Para Trump, o vírus chinês acabou com sua maior vantagem: uma economia pulsante com baixa inflação e com os mais baixos índices de desemprego da história. À medida que o país se fechava em lockdowns severos, principalmente nos Estados democratas, o desemprego disparou e milhões de trabalhadores demitidos começaram a temer nunca mais voltar a trabalhar. O ano eleitoral de Carter também foi marcado por problemas econômicos. Em janeiro de 1980, o país estava em recessão. Sob sua supervisão, a taxa de inflação disparou para dois dígitos e o desemprego aumentou, uma ocorrência incomum na economia dos EUA.

De lá para cá, os partidos também mudaram. O Partido Democrata de John F. Kennedy, ícone da política norte-americana, não existe mais. A social-democracia de Bill Clinton ficou no passado.
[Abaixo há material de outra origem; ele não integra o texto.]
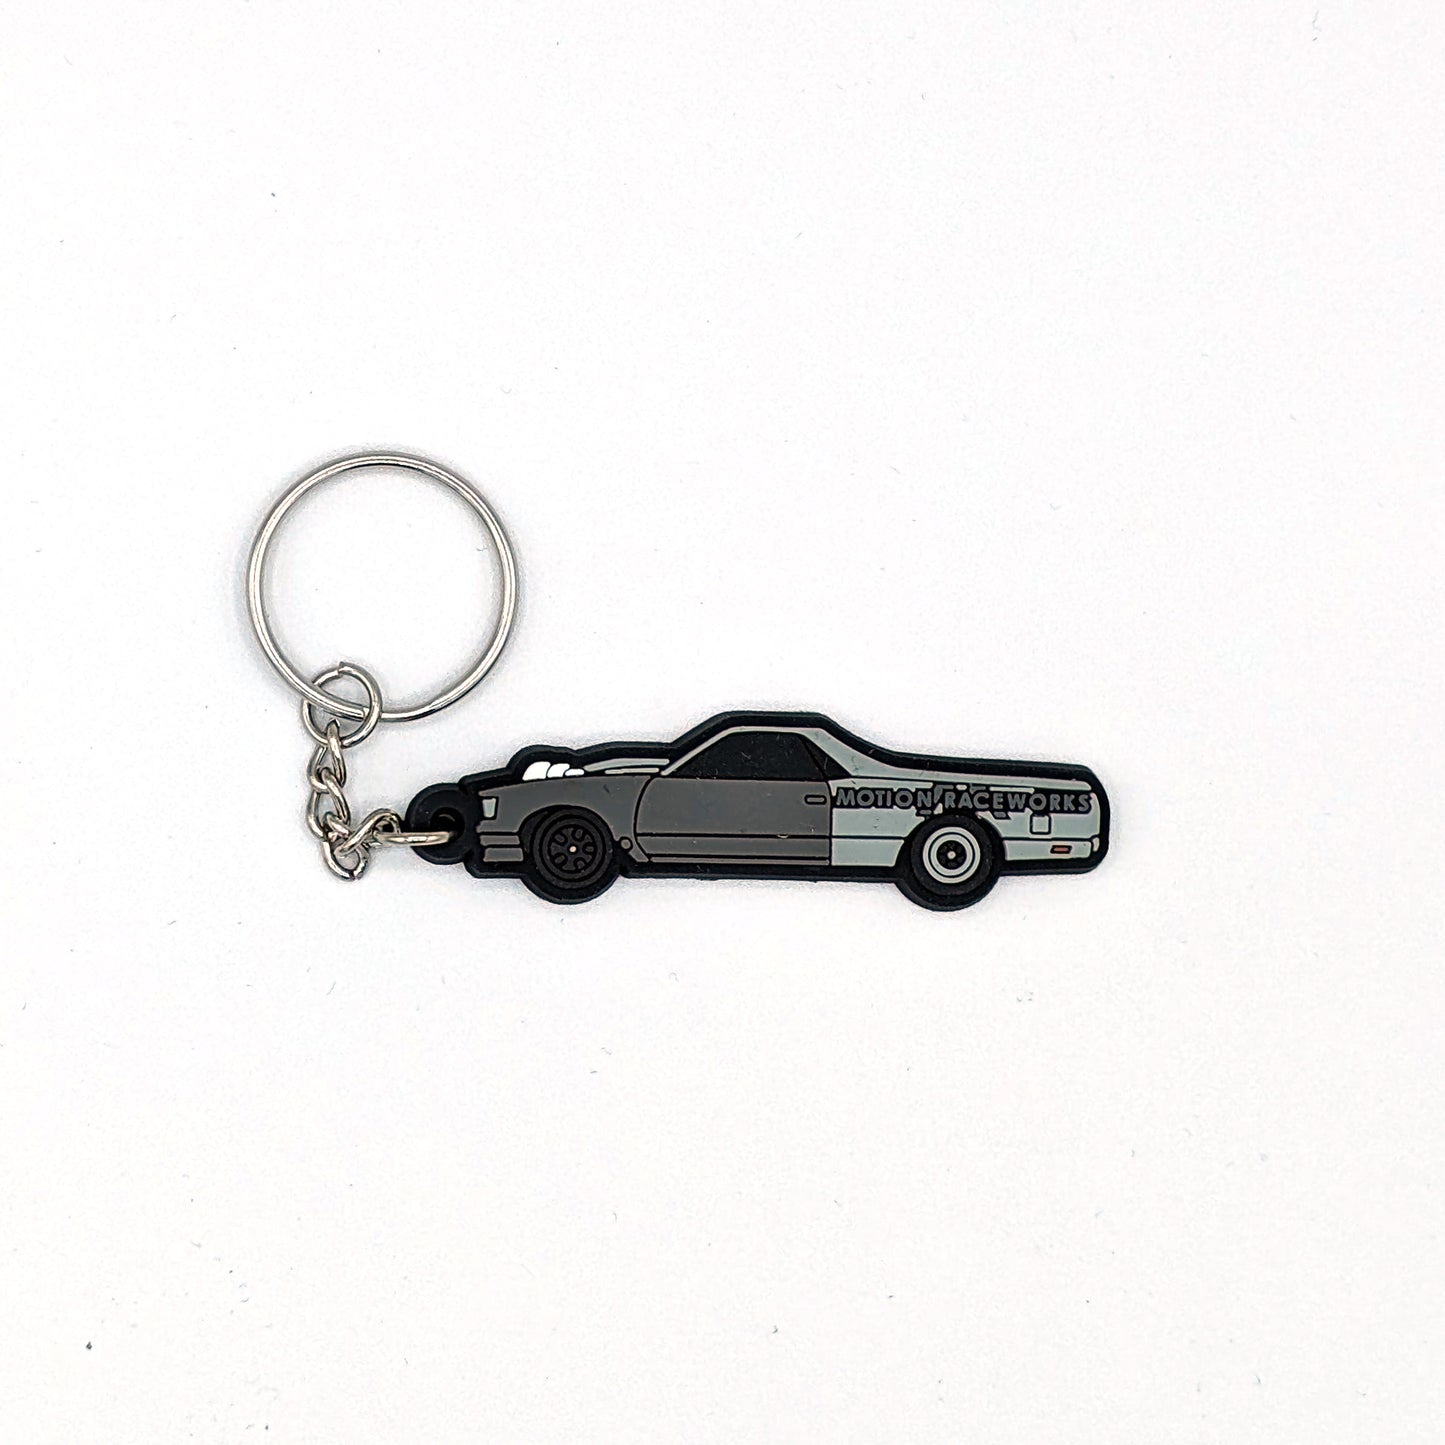 Mullet Key Chain

Hoje os democratas estão mais perto do Psol do que do PSDB e não apenas aplaudem mas tentam implementar políticas tão progressistas que beiram o socialismo “tradicional”.

O Partido Republicano também mudou. O partido de Reagan que duelou com Carter em 1980 há tempos não existe. Os republicanos que não gostam de Trump querem “voltar ao normal”, mas o fato é que está morto o velho GOP, o Great Old Party. A grande virada se deu em 2016, quando Trump “sequestrou” o partido e, embora fosse considerado um republicano, o apoio que o impulsionou à vitória veio de uma nova configuração do eleitorado. Muitos republicanos convencionais ainda não entendem isso, mas provavelmente nenhum outro candidato teria vencido naquele ano.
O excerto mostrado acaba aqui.